Arguably, if it’s in software, you can scale it better, so there’s been this massive trend. And then if you look at these data centres, which again are the most successful data centres on the planet, they’re awesome in pretty much every vector and direction you can look at. I mean, if you look at the CapEx, people throw around numbers, but it seems to be about a fifth the cost to build a data centre like this.

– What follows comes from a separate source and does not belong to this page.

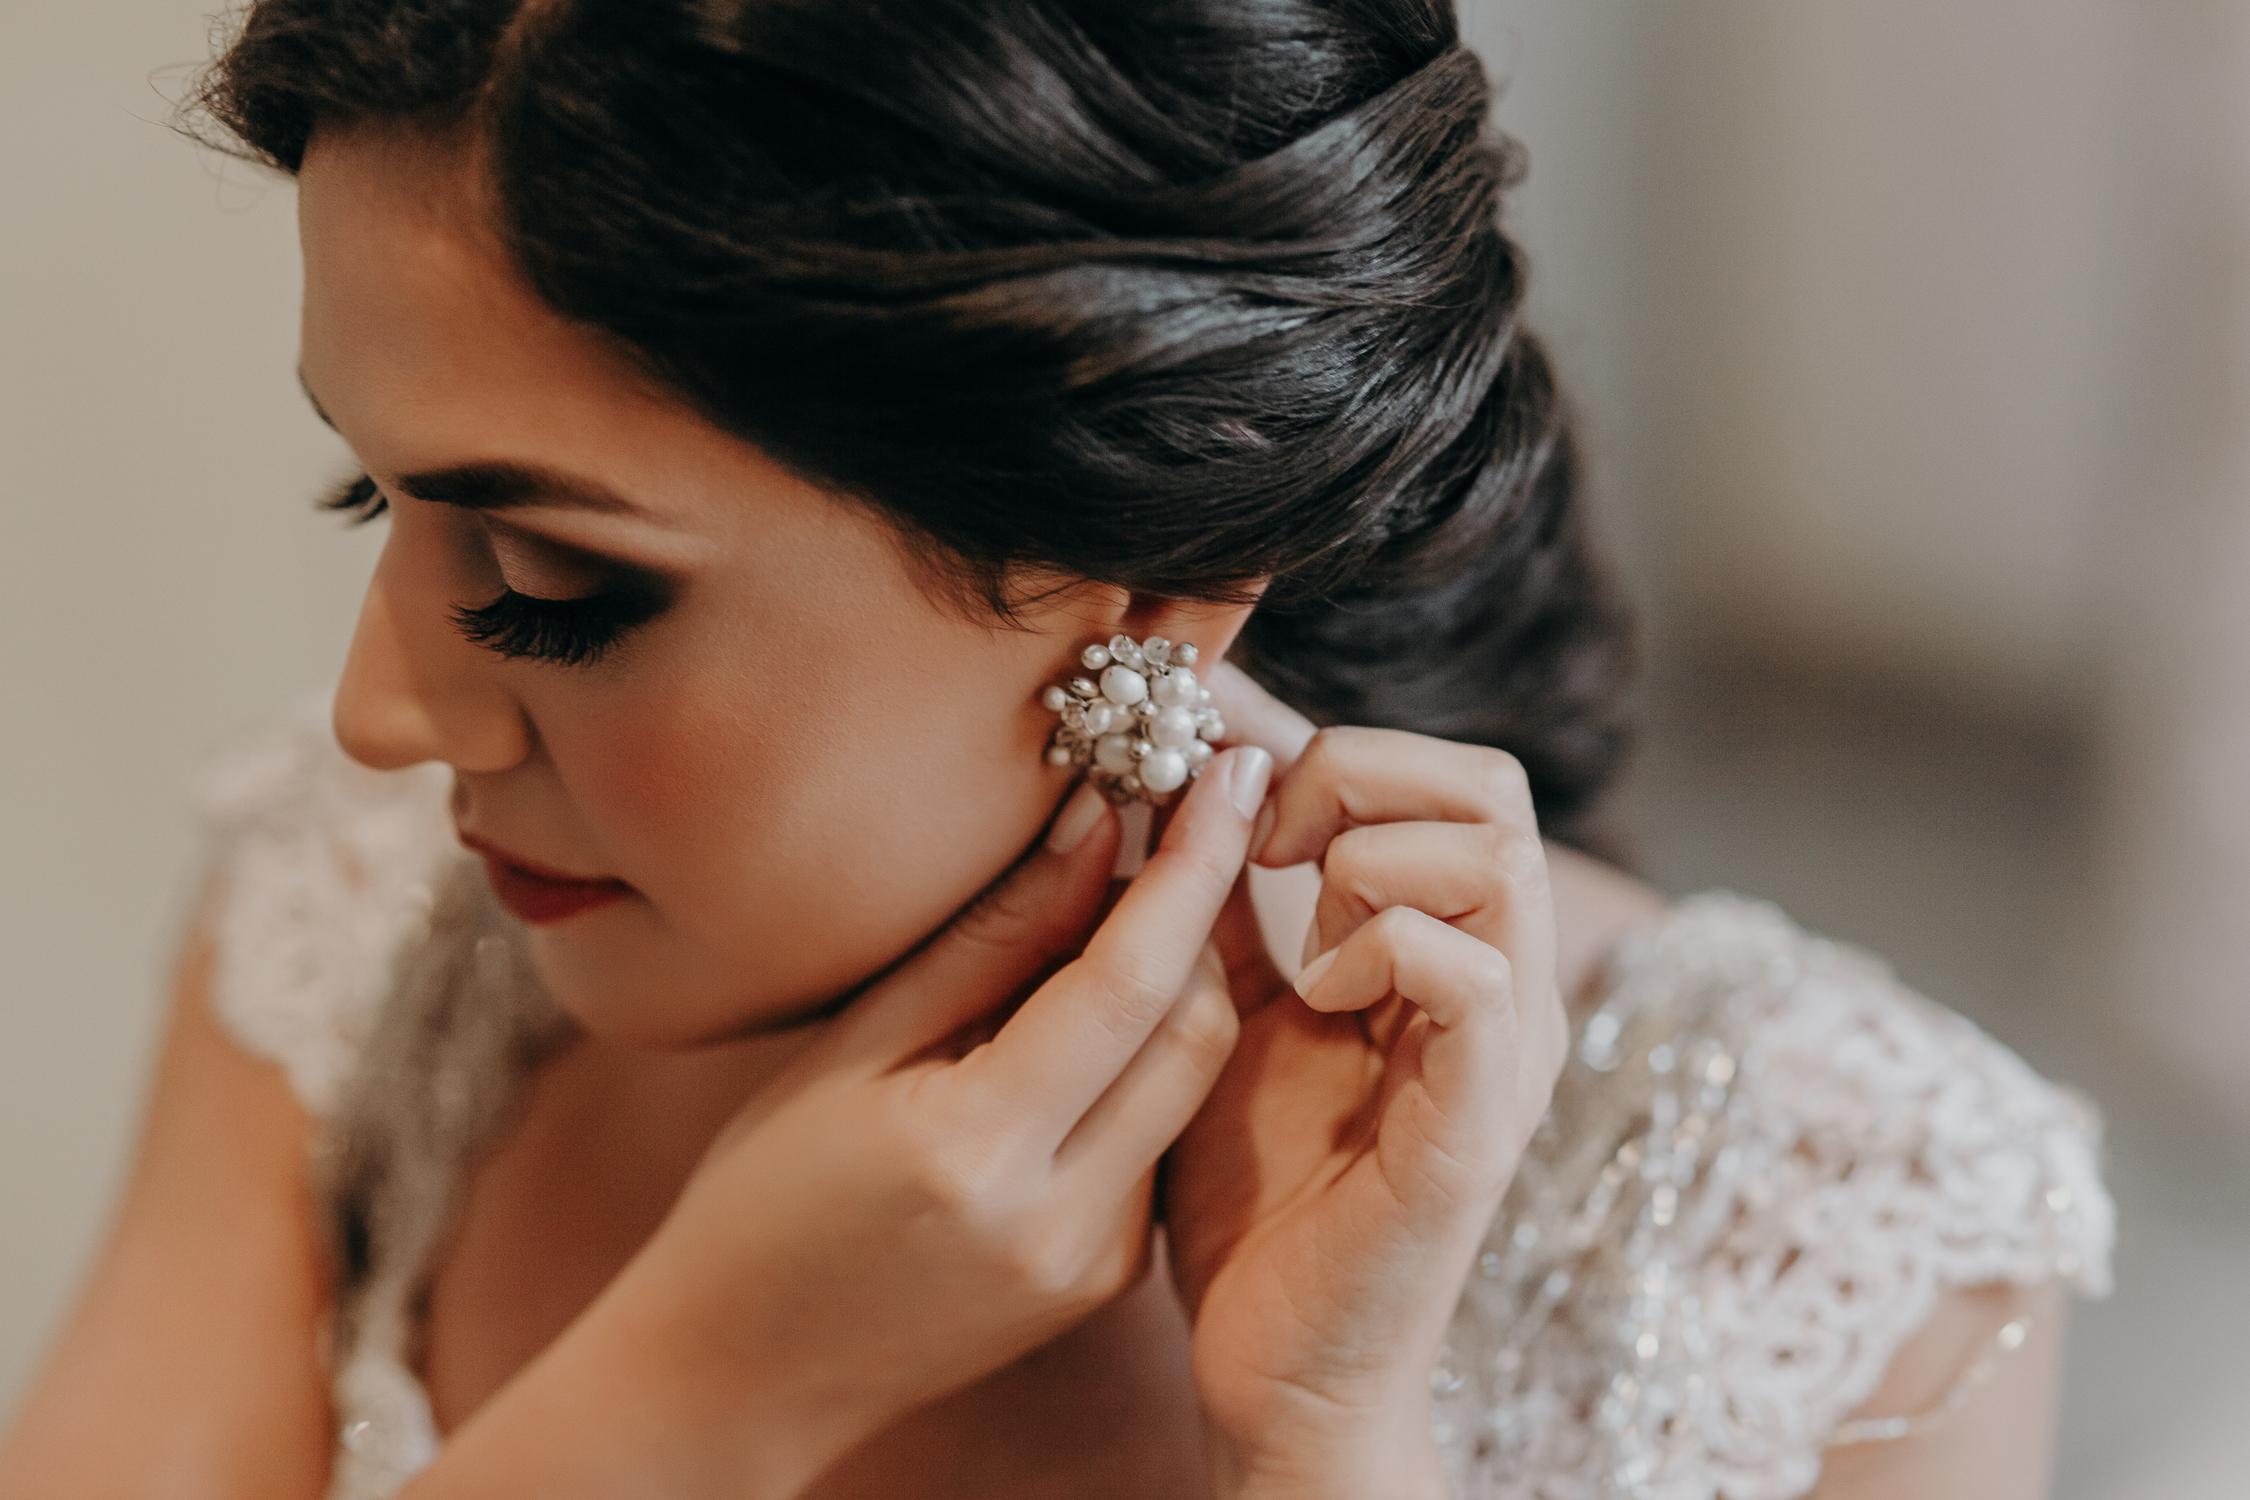 Michelle-Agurto-Fotografia-Bodas-Ecuador-Destination-Wedding-Photographer-Cristi-Luis-16.JPG

They’re by far the most scalable data centres on the planet. Operational overheads are always the best in this case. So you’re like, wow, this is this great way to build a data centre and they’re awesome on every vector, so why doesn’t everybody do this?
So I’ll tell you why. The reason why everybody doesn’t do this is because you can only do this if you can rewrite your application. If I’m Google, I have the Google application, and I can put security in there, and I can put load balancing in there, and I can put billing in there. If I’m Amazon, I control the application, I can do the same thing. So if I control my application, I can build the most awesome data centre on the planet.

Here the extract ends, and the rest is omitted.